Exercise goal ::
Please give back each entry below unaltered, leaving the pictures out.

Items from a data source ::
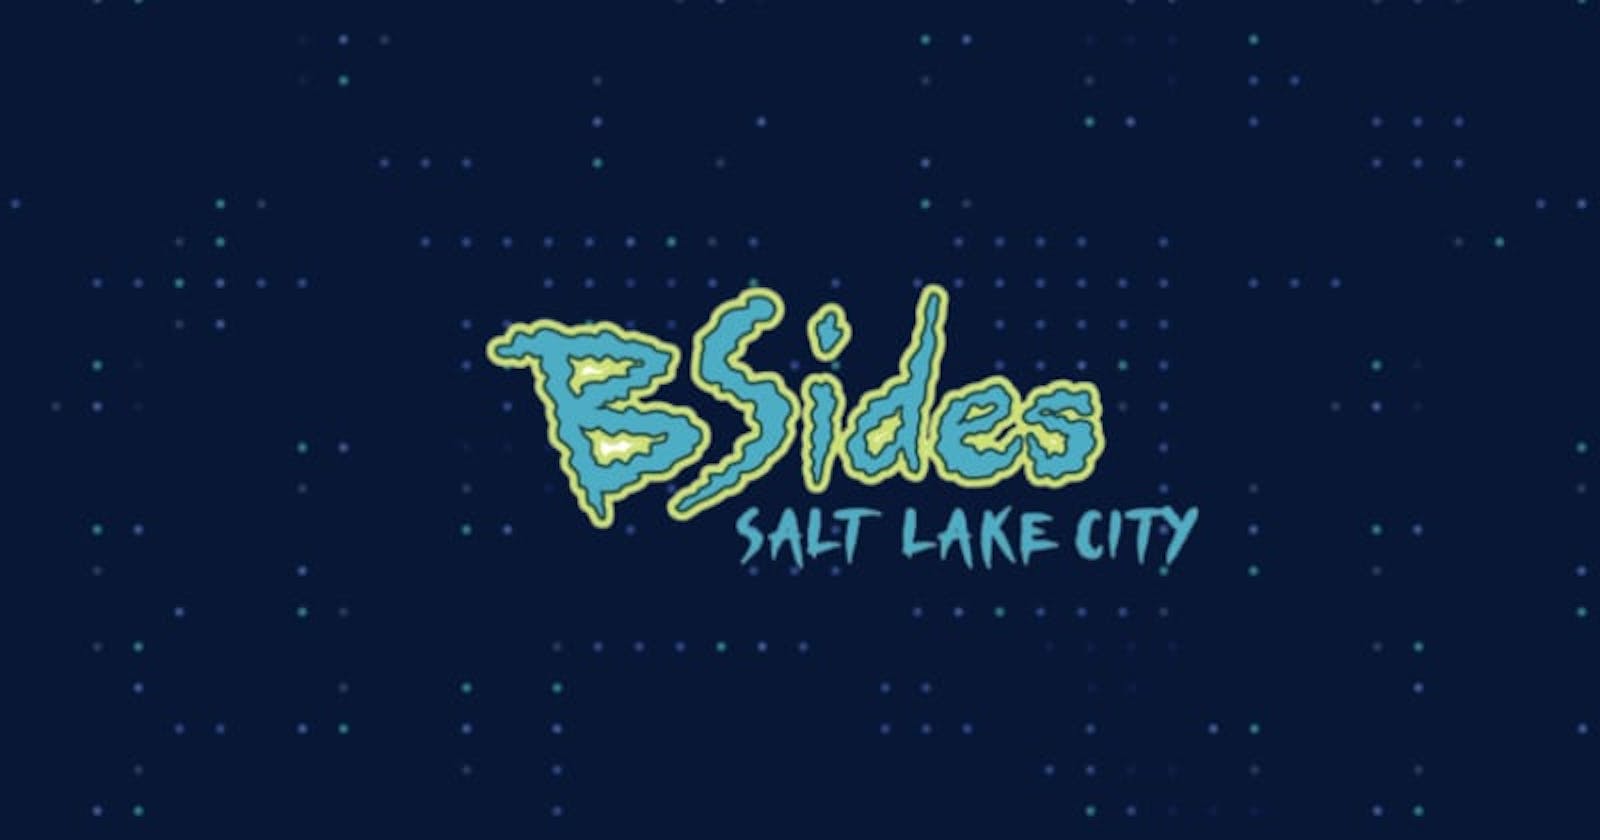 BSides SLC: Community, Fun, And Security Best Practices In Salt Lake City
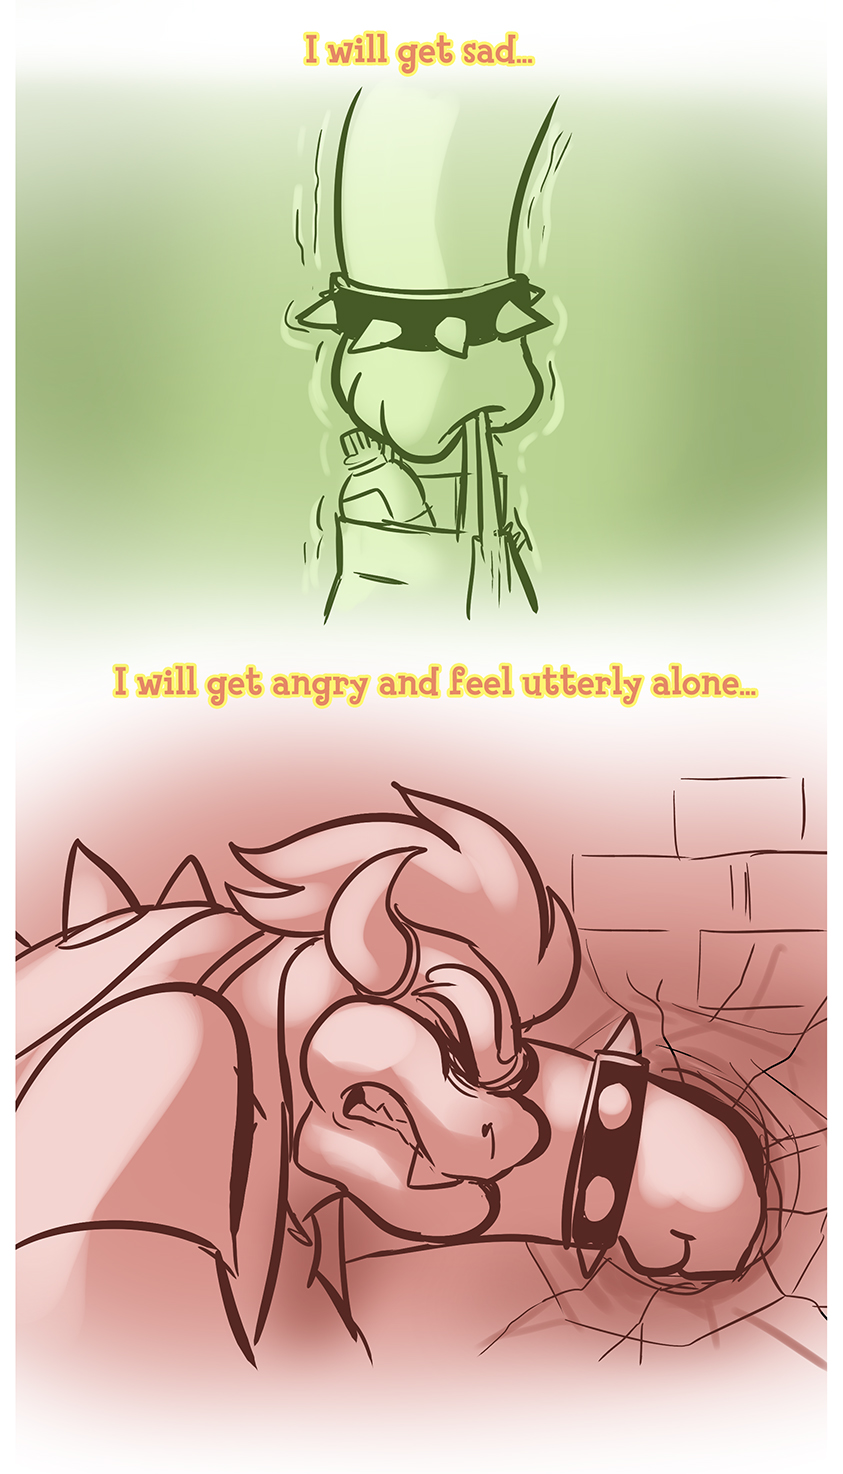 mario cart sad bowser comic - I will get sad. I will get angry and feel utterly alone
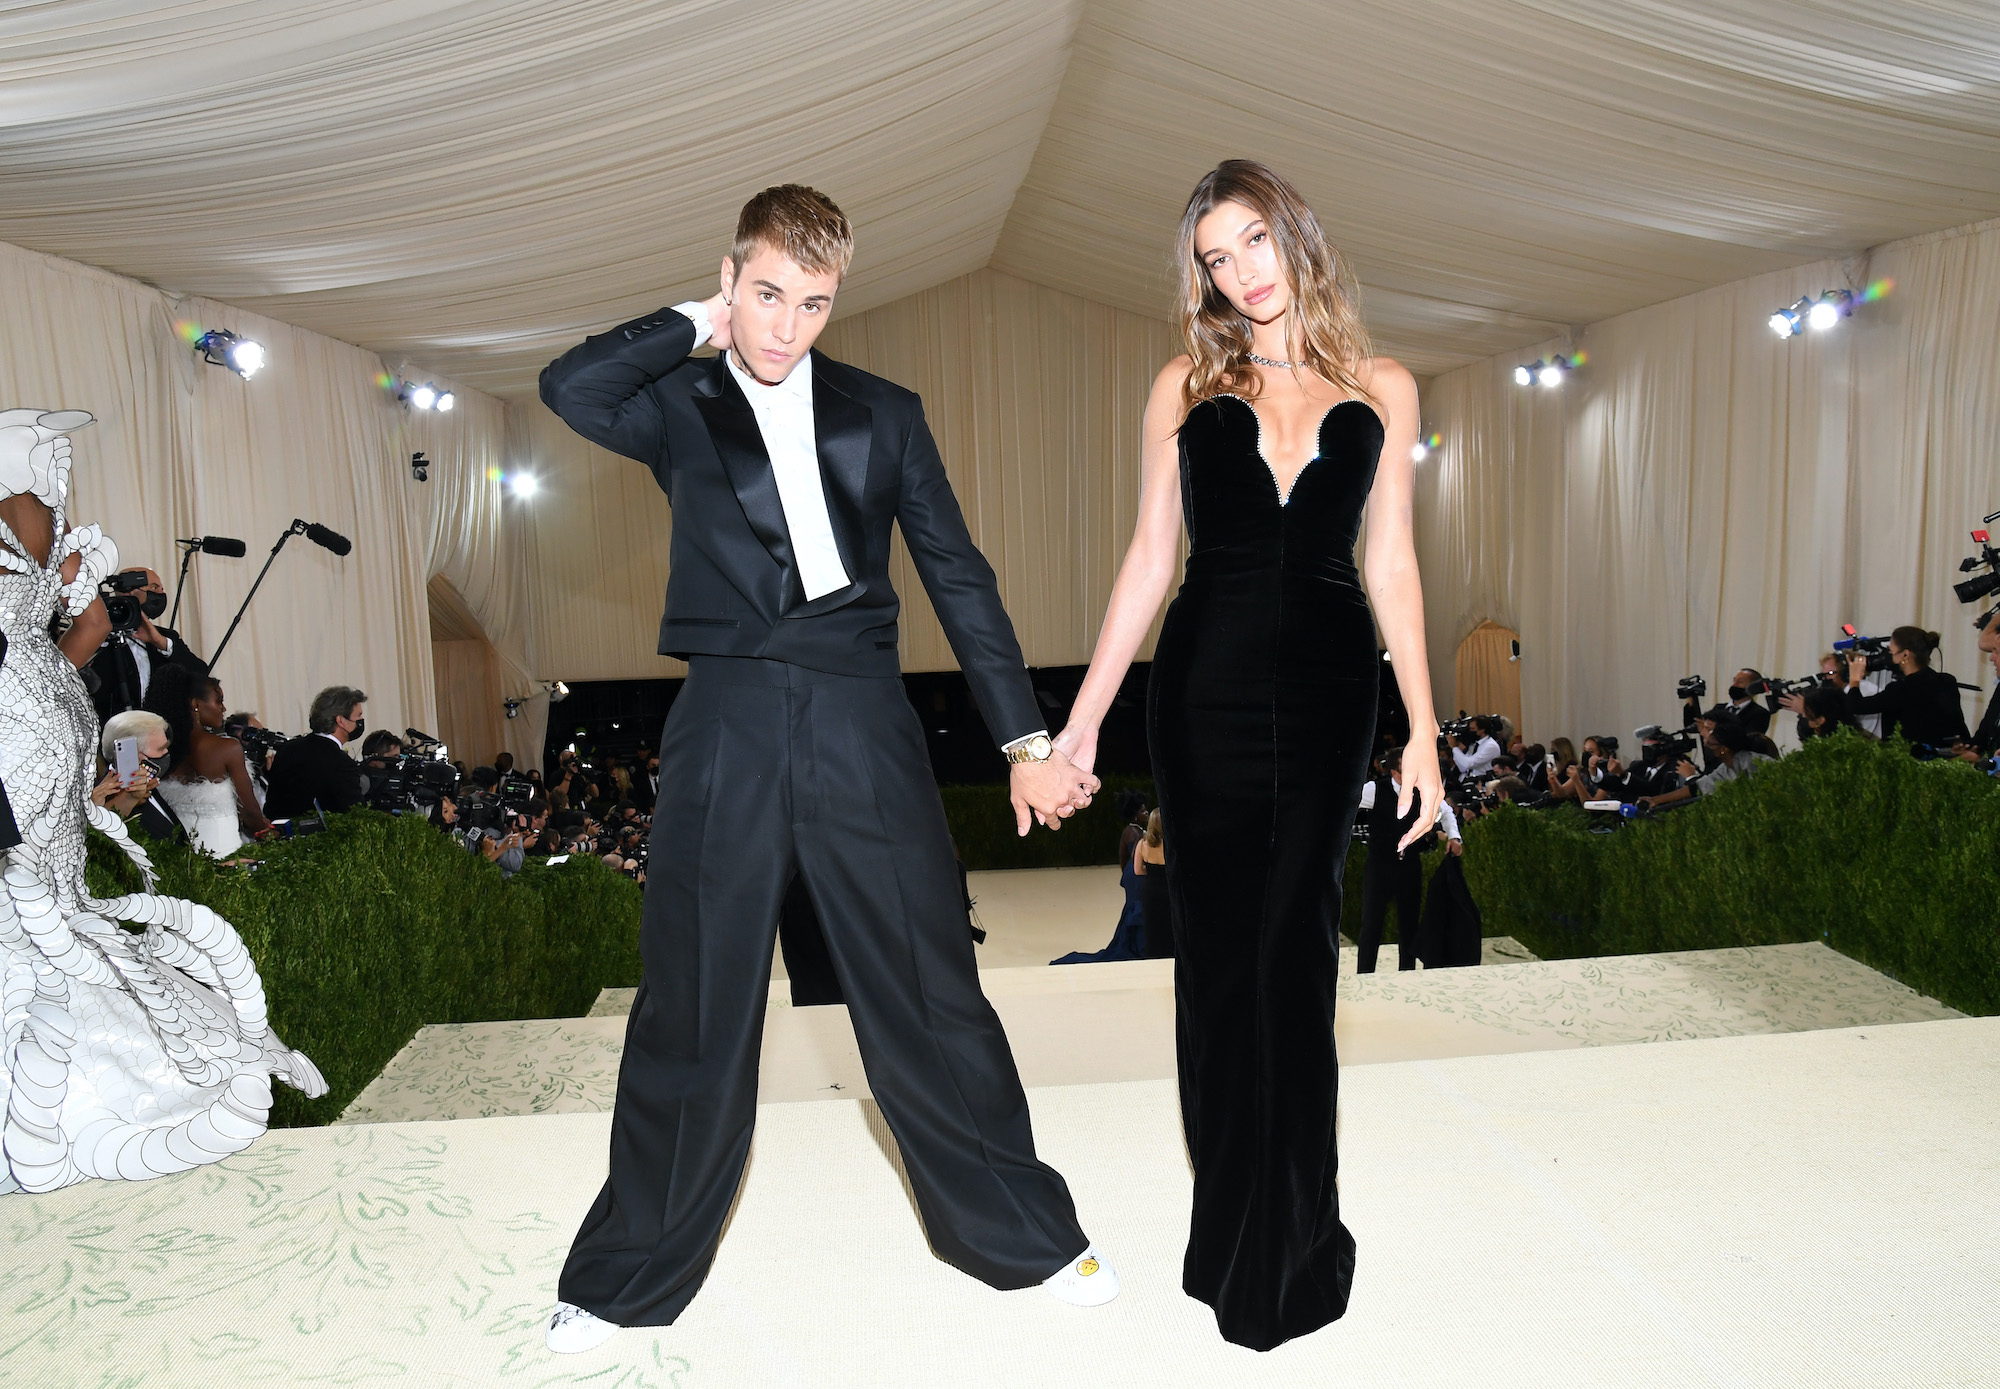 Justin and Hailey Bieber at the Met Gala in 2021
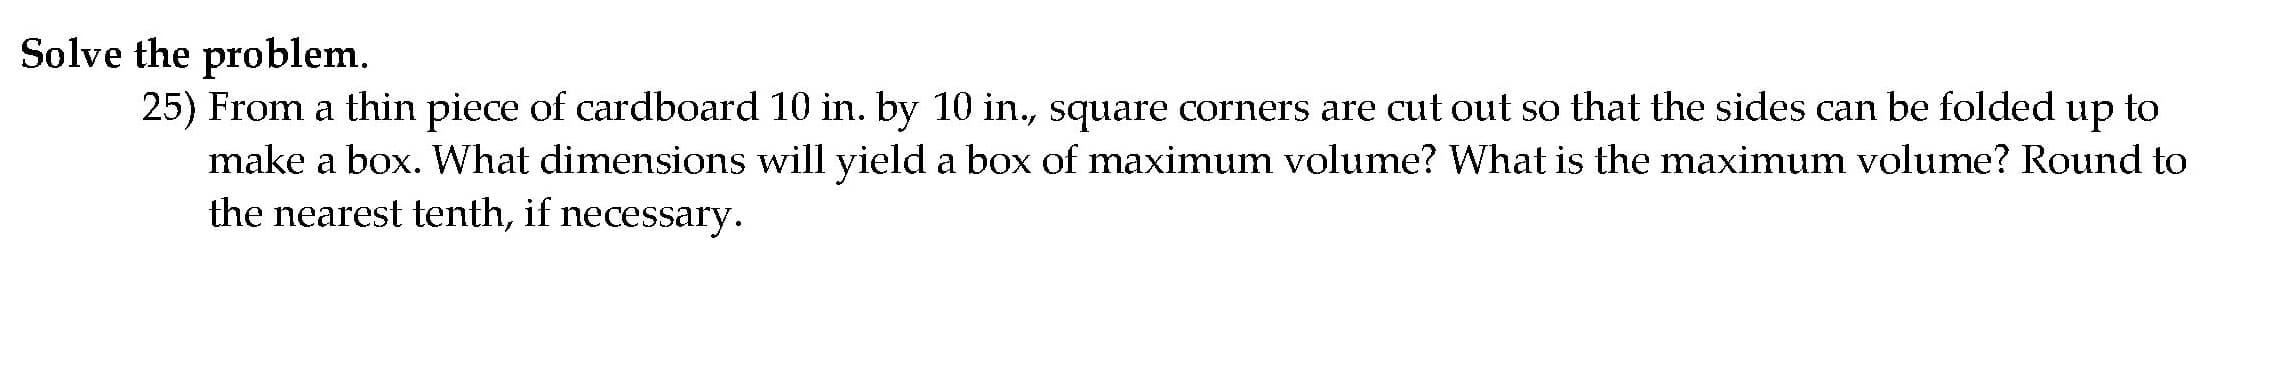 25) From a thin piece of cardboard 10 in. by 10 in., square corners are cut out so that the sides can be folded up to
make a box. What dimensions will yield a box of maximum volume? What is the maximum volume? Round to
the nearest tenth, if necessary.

Answer for this exercise ::
 BSides SLC: Community, Fun, And Security Best Practices In Salt Lake City
 mario cart sad bowser comic - I will get sad. I will get angry and feel utterly alone
 Justin and Hailey Bieber at the Met Gala in 2021
 25) From a thin piece of cardboard 10 in. by 10 in., square corners are cut out so that the sides can be folded up to
make a box. What dimensions will yield a box of maximum volume? What is the maximum volume? Round to
the nearest tenth, if necessary.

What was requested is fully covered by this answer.